EXT3 FS on sda1, internal journal
Setting the system clock..
Cannot access the Hardware Clock via any known method.
Use the --debug option to see the details of our search for an access method.
System Clock set. Local time: Sat Jan  1 00:00:31 UTC 2000.
Cleaning up ifupdown....
Loading device-mapper support.
Will now check all file systems.
fsck 1.40-WIP (14-Nov-2006)
Checking all file systems.
Done checking file systems.
A log is being saved in /var/log/fsck/checkfs if that location is writable.
Setting kernel variables...done.
Will now mount local filesystems:.
Will now activate swapfile swap:swapon on /dev/sda2
Adding 262072k swap on /dev/sda2.  Priority:-1 extents:1 across:262072k
done.
Cleaning /tmp...done.
Cleaning /var/run...done.
/etc/init.d/bootclean: line 17:   567 Bus error               rm -f "$1"
* bootclean: Failure deleting '/var/run/.clean'.
Cleaning /var/lock...done.
Setting up networking....
Configuring network interfaces...

comment:12 in reply to: ↑ description Changed 9 years ago by anonymous

I see this issue as well. I'm running Kamikaze 7.07 openwrt-brcm47xx-2.6-squashfs.trx with no wireless (really barebones, even disabled httpd and crond). I get random "Segmentation Fault" errors. Occasionally, I get random output from the shell in the form of:

root@router:/proc# ls
-ash: : not found

"ls" will work fine right before or after the above. There is nothing special about /proc (same thing happens randomly elsewhere, e.g. /www).
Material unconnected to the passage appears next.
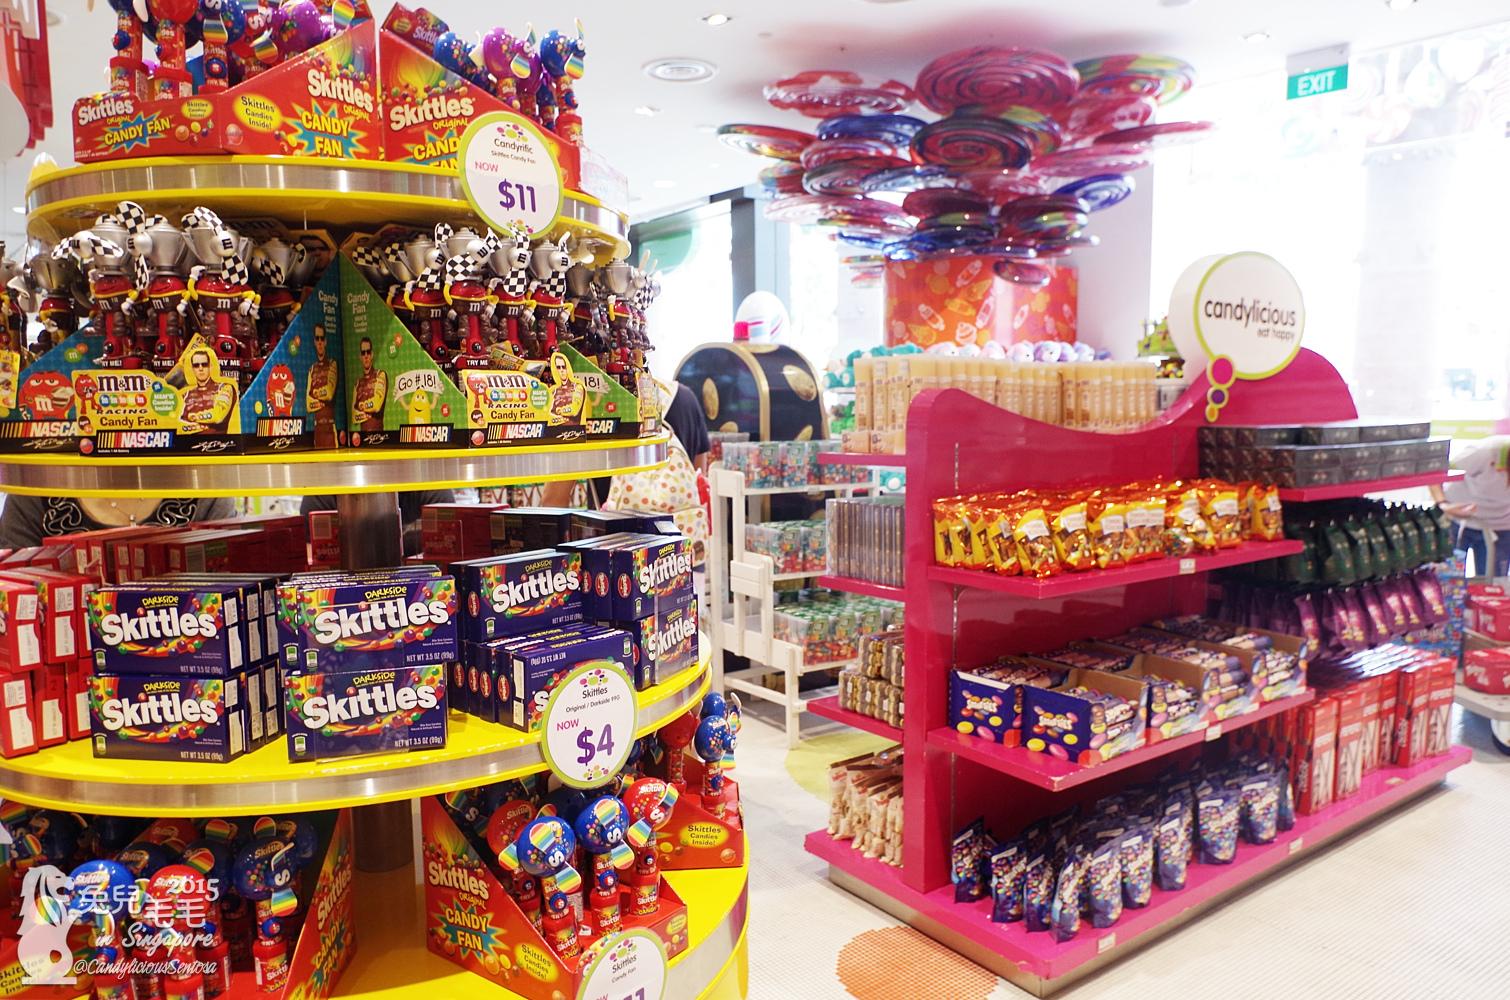 0215-Candylicious-14.jpg
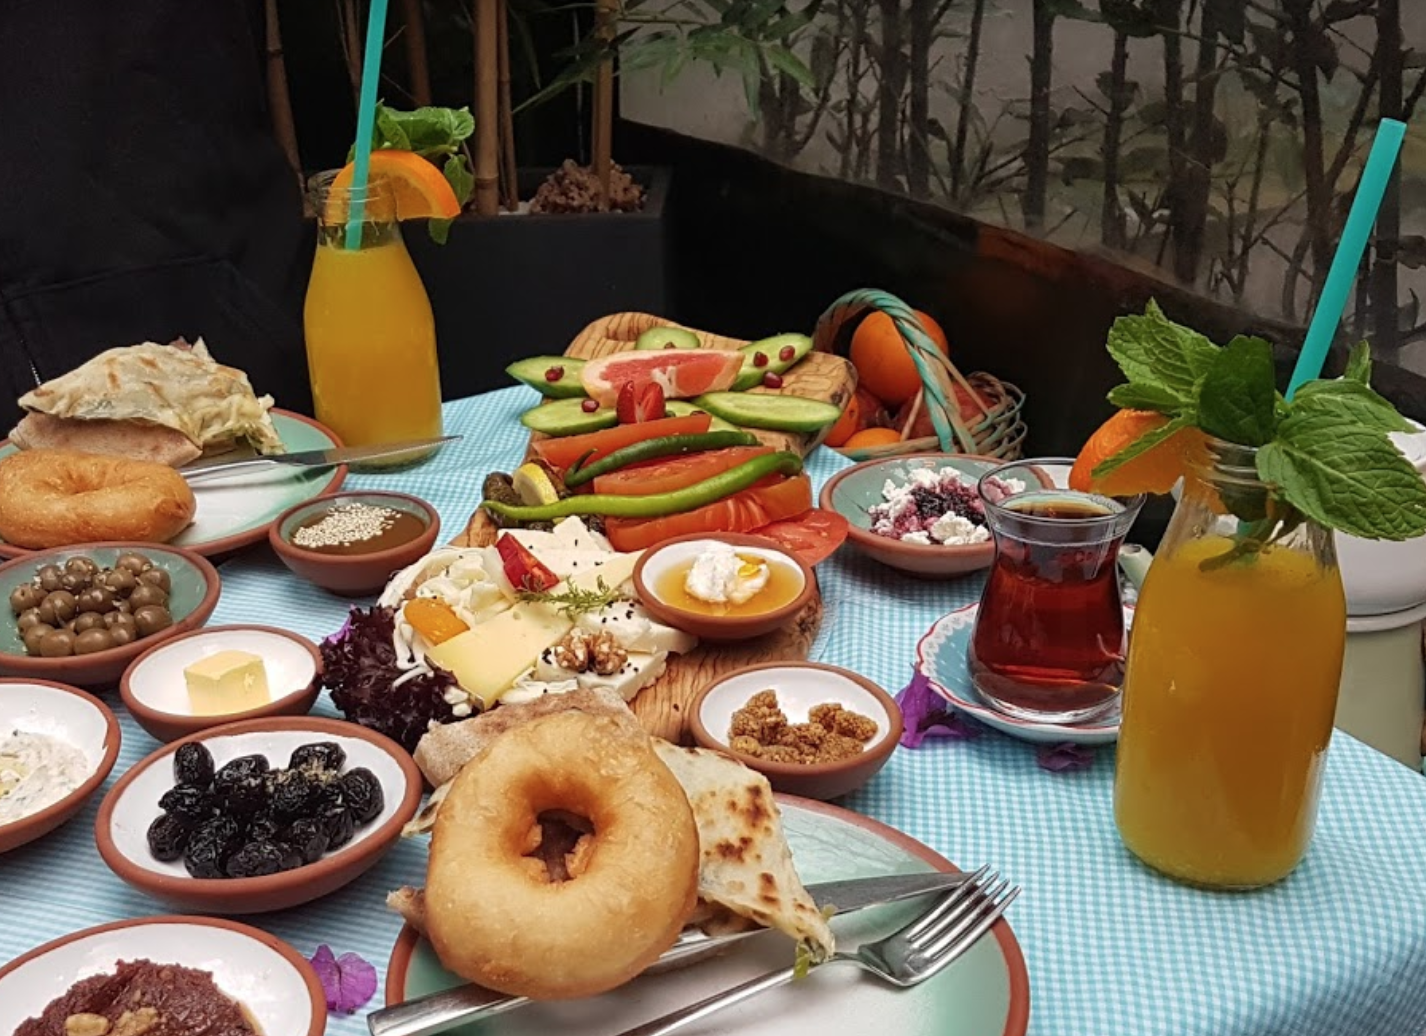 Ресторан Çeşme Bazlama Kahvaltı в Стамбуле

I seem to be unable to "cat /proc/kmsg". I could do it a short while ago and it had a bunch of OOPS's in it.

On a positive note, all this weirdness does not seem to affect the actually routing. I've been torture testing the routing with no issues.

Thanks
Moh

comment:13 Changed 9 years ago by michu-at-neophob-com

same issue's here:

root@OpenWrt:/# reboot
/bin/ash: : Permission denied
root@OpenWrt:/# reboot
The system is going down NOW !!
Sending SIGTERM to all processes.

perhaps related to ticket nr 2183?

regards
michu

comment:14 Changed 9 years ago by mountaindude

Yup, I see the same issues with Kamikaze 7.07 running on 2.6.22

comment:15 Changed 9 years ago by anonymous

Is anyone trying to fix this bug or has the 500gp lost support?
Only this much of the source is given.